Common mistakes to avoid
- Listing at your desired take-home price without accounting for fees and shipping costs.
- Using a single low-quality photo because you plan to "fix it later if it does not sell."
- Hiding condition issues in listings, which triggers returns and negative feedback that hurts future sales.
- Ignoring sold-price data and pricing based on what other sellers are asking rather than what buyers are paying.
- Estimating shipping weight instead of weighing items before listing.
- Letting messages from potential buyers go unanswered for more than a day, especially in the first 24-48 hours after a listing goes live.
- Bundling unrelated items together and expecting buyers to find the value in them the way you do.
- Not relisting or refreshing inventory that has sat unsold for more than three to four weeks.
- Skipping the "Sold" filter when researching comps and pricing based on active listings only.
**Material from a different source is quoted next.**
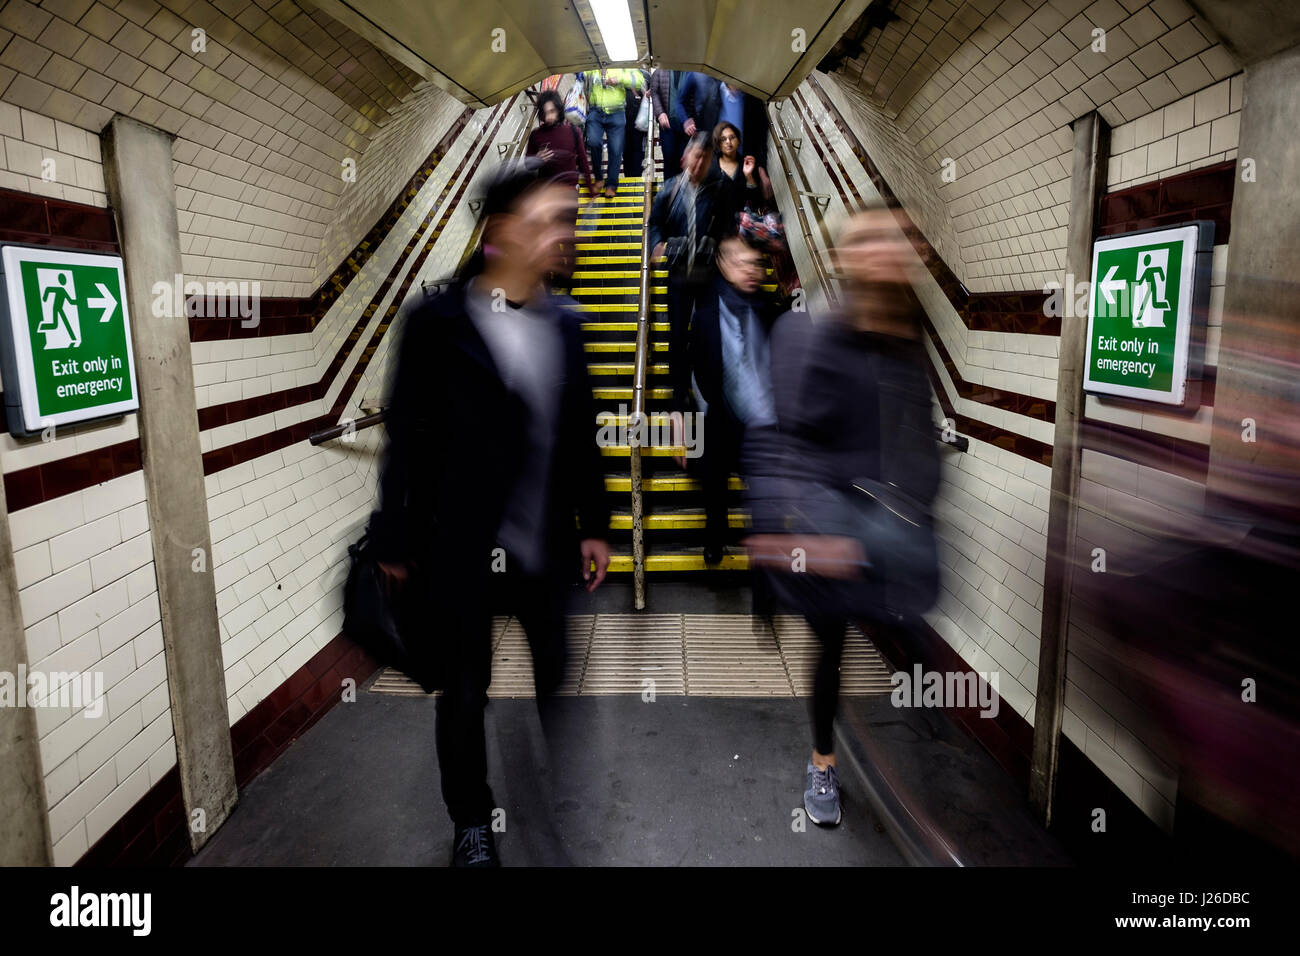 Les gens marche rapide pendant les heures de pointe à une station de métro à Londres, Angleterre, Royaume-Uni, Europe Banque D'Images
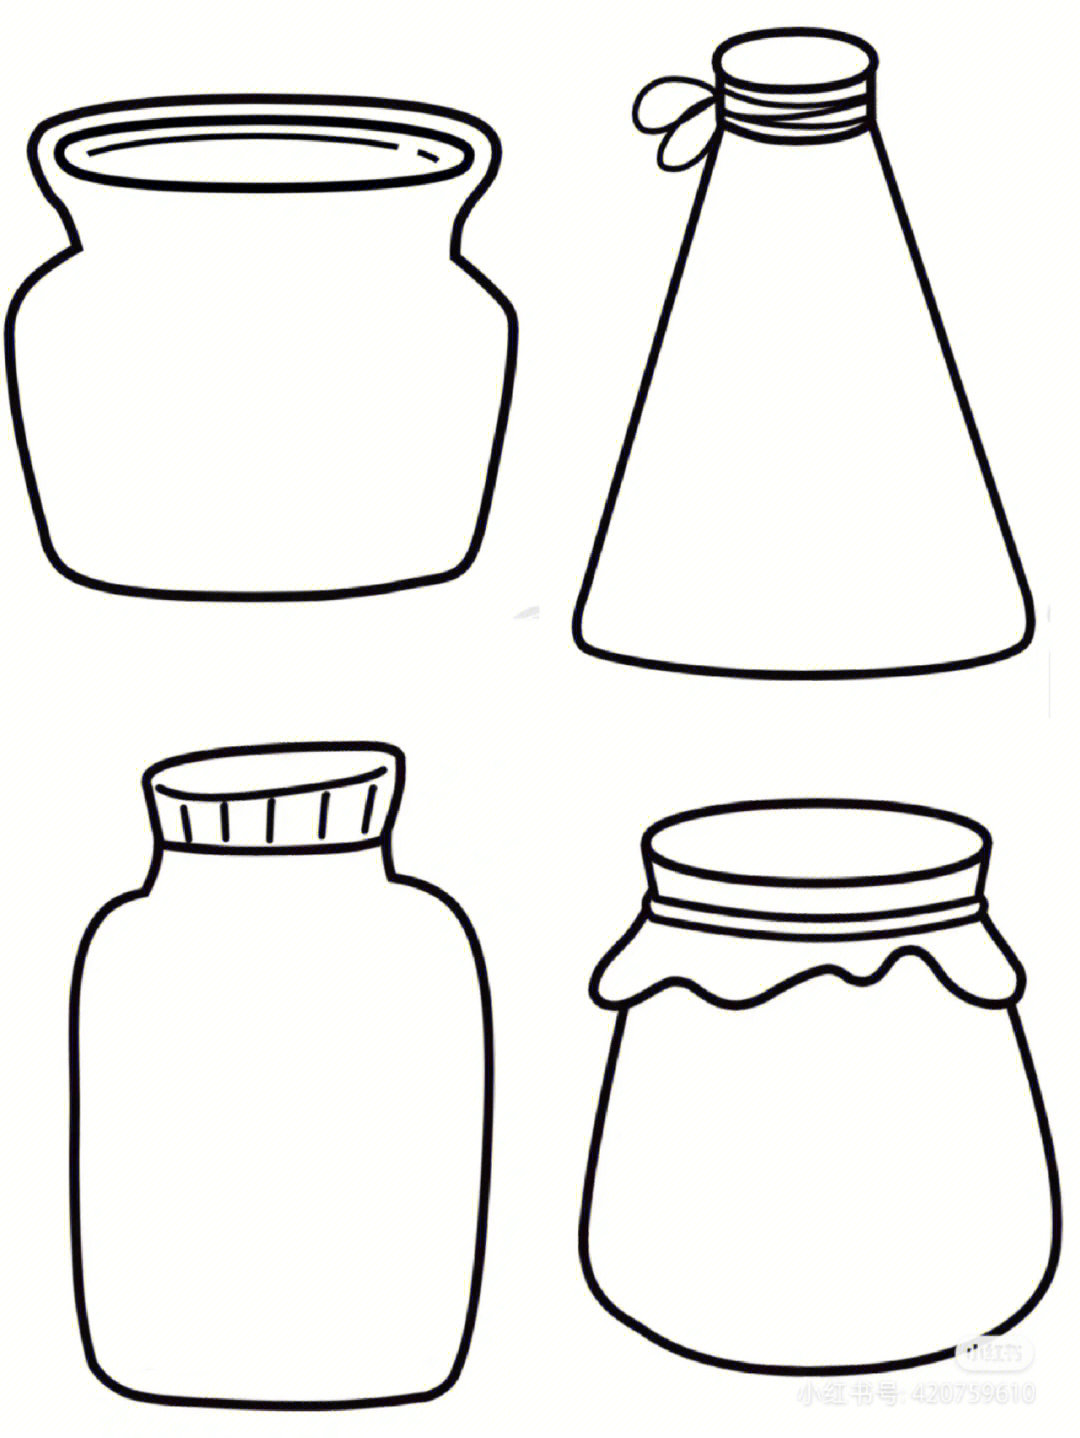 瓶瓶罐罐怎么画简单图片

Frequently Asked Questions
Is Mercari worth it for selling LEGO minifigures specifically?
Mercari is genuinely good for minifigures, especially licensed characters from popular themes. The casual collector audience there often does not comparison-shop as aggressively as buyers on dedicated marketplaces, so well-photographed individual character listings can do well. Use brick'em to identify and value figures before you list so you know you're pricing for a win.
How do I build my seller rating faster on Mercari?
Ship quickly, use proper packaging so items arrive undamaged, and communicate promptly if there are delays. Buyers who have a smooth experience almost always leave positive ratings. A high rating improves listing visibility and makes buyers comfortable paying your price without lowball offers.
What is the best way to package LEGO minifigures for Mercari shipping?
Individual minifigures do well in a small bubble mailer with the figure in a sealed bag to prevent scratches. For larger quantities, a small box with padding is safer. The item must arrive looking exactly like your photos, because a disappointed buyer will leave a review that affects your next sale.
Can I sell incomplete LEGO sets on Mercari?
Incomplete sets sell regularly, but disclosure is everything. List exactly what is and is not included, and reflect the incomplete status in your price against current sold comps for complete versions. Buyers who know what they are getting rarely cause problems; buyers who feel surprised almost always do.
How do I know if I'm pricing a LEGO minifigure too high or too low?
Filter Mercari's search to "Sold" and look at recent sales for that exact figure. Cross-reference with the LEGO minifigure price guide for a broader market view. If your item has been listed for several weeks with views but no offers, the price is likely the issue. If it sells within hours, you may have priced below market.